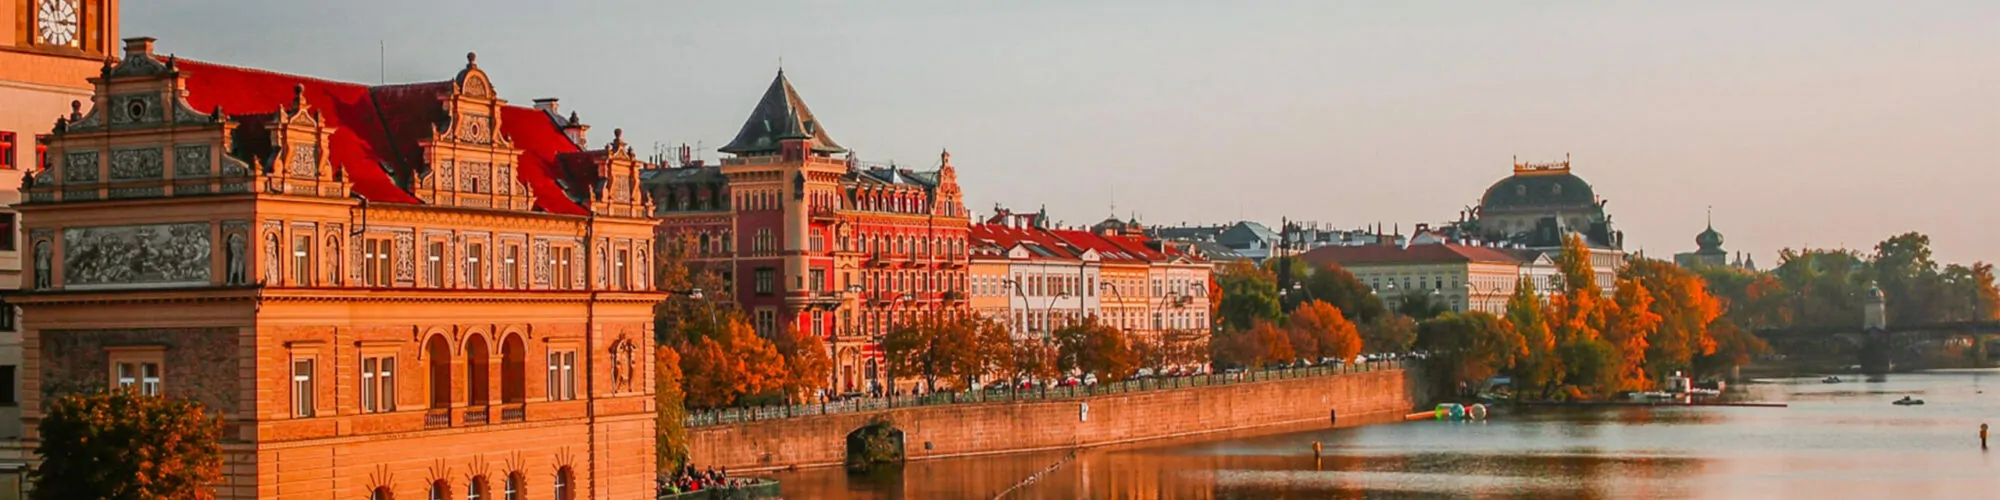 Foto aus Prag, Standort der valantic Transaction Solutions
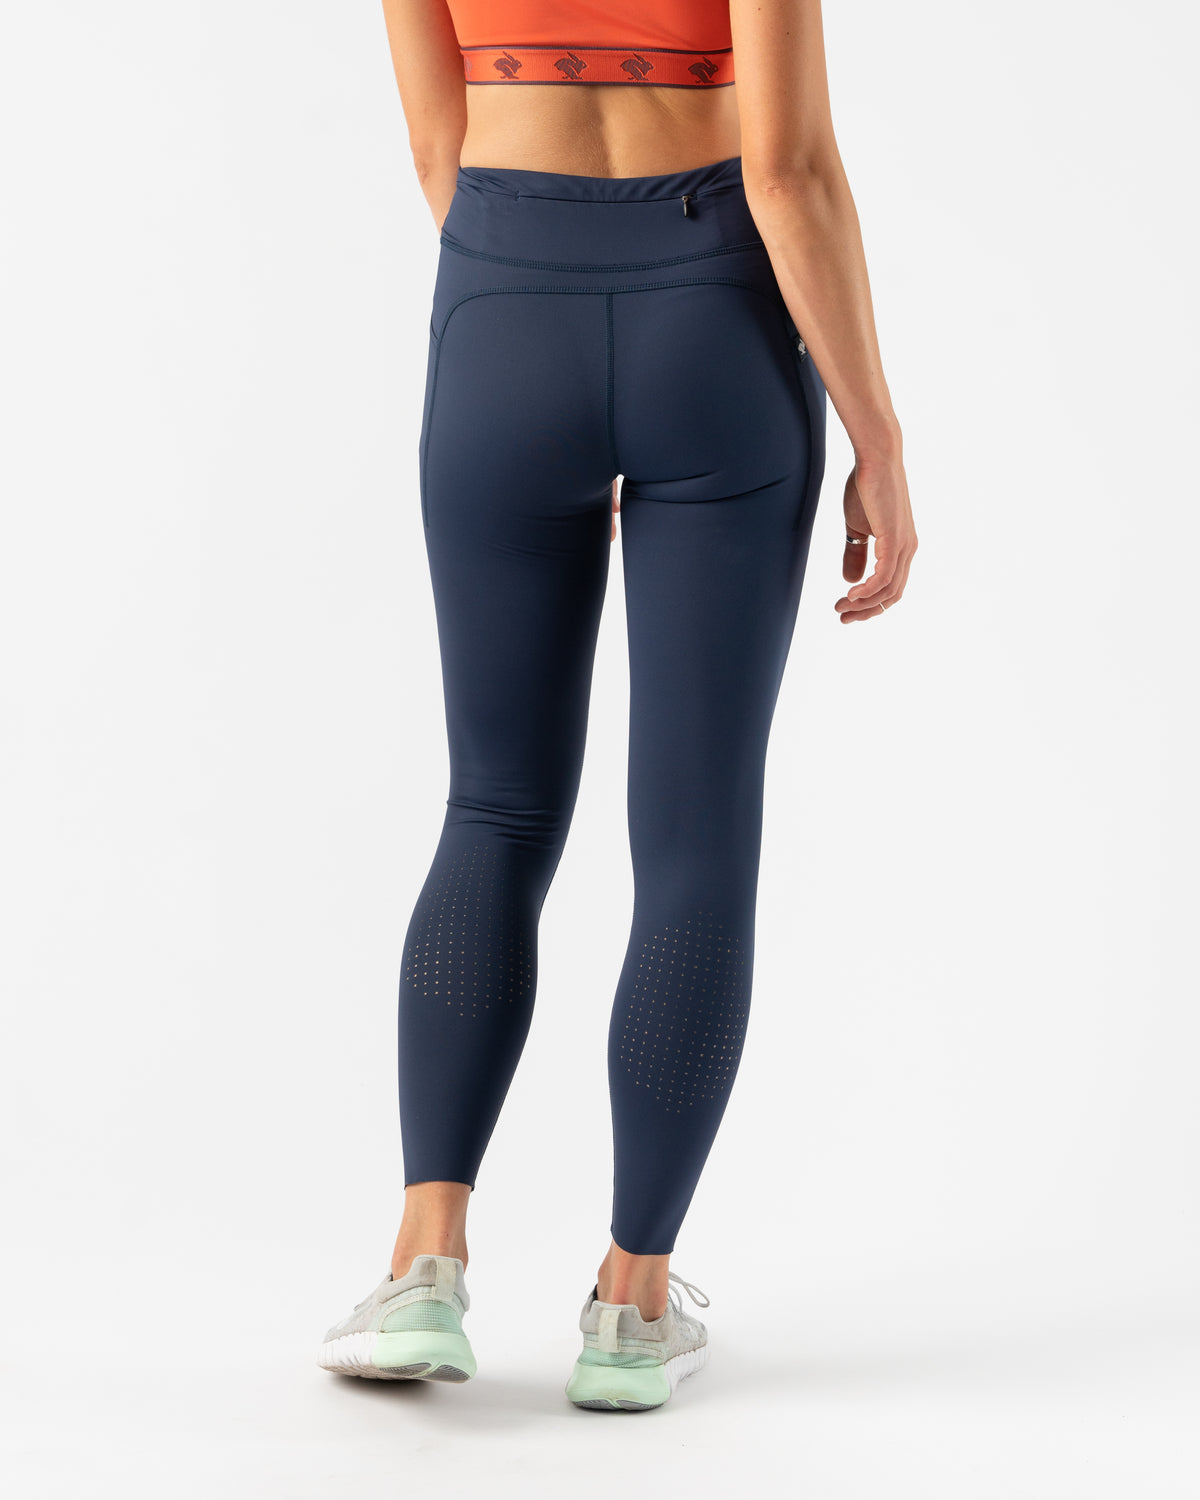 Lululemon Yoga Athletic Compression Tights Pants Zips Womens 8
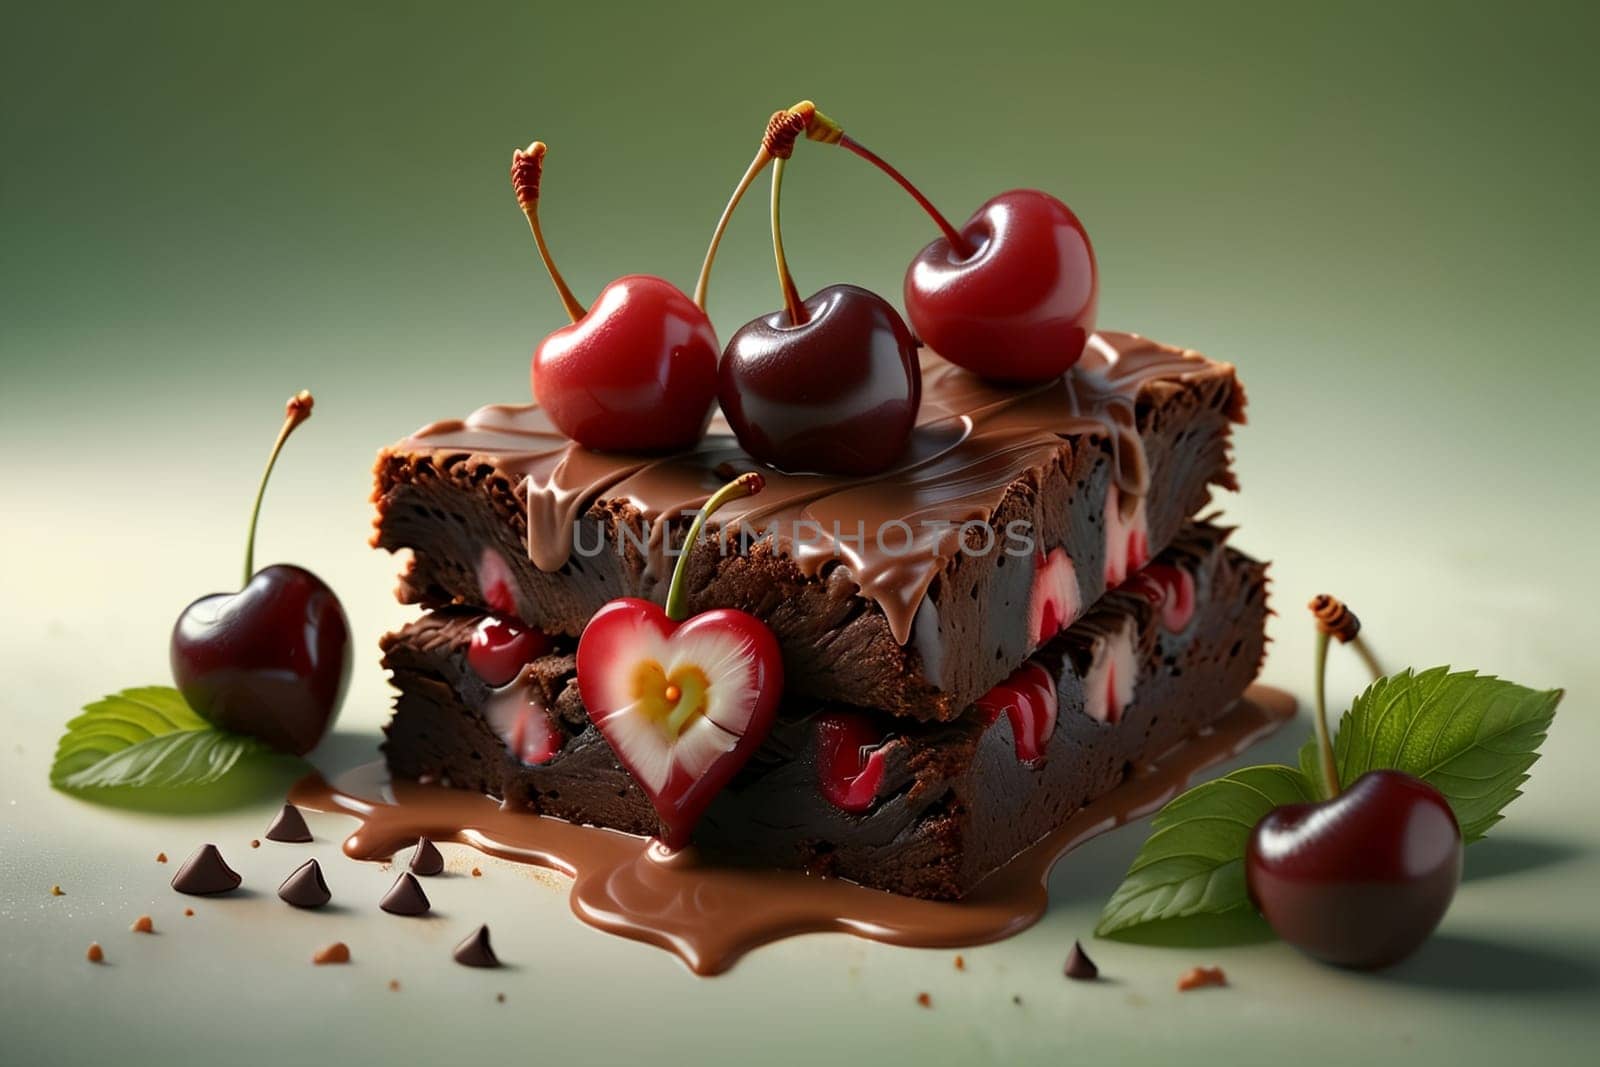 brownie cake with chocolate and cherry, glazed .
--------------------
◆ What is needed:
Starting at the line that contains "Lululemon Yoga Athletic", retype each line through the end of the data exactly, and leave out every picture.

◆ Finished exercise:
 Lululemon Yoga Athletic Compression Tights Pants Zips Womens 8
 brownie cake with chocolate and cherry, glazed .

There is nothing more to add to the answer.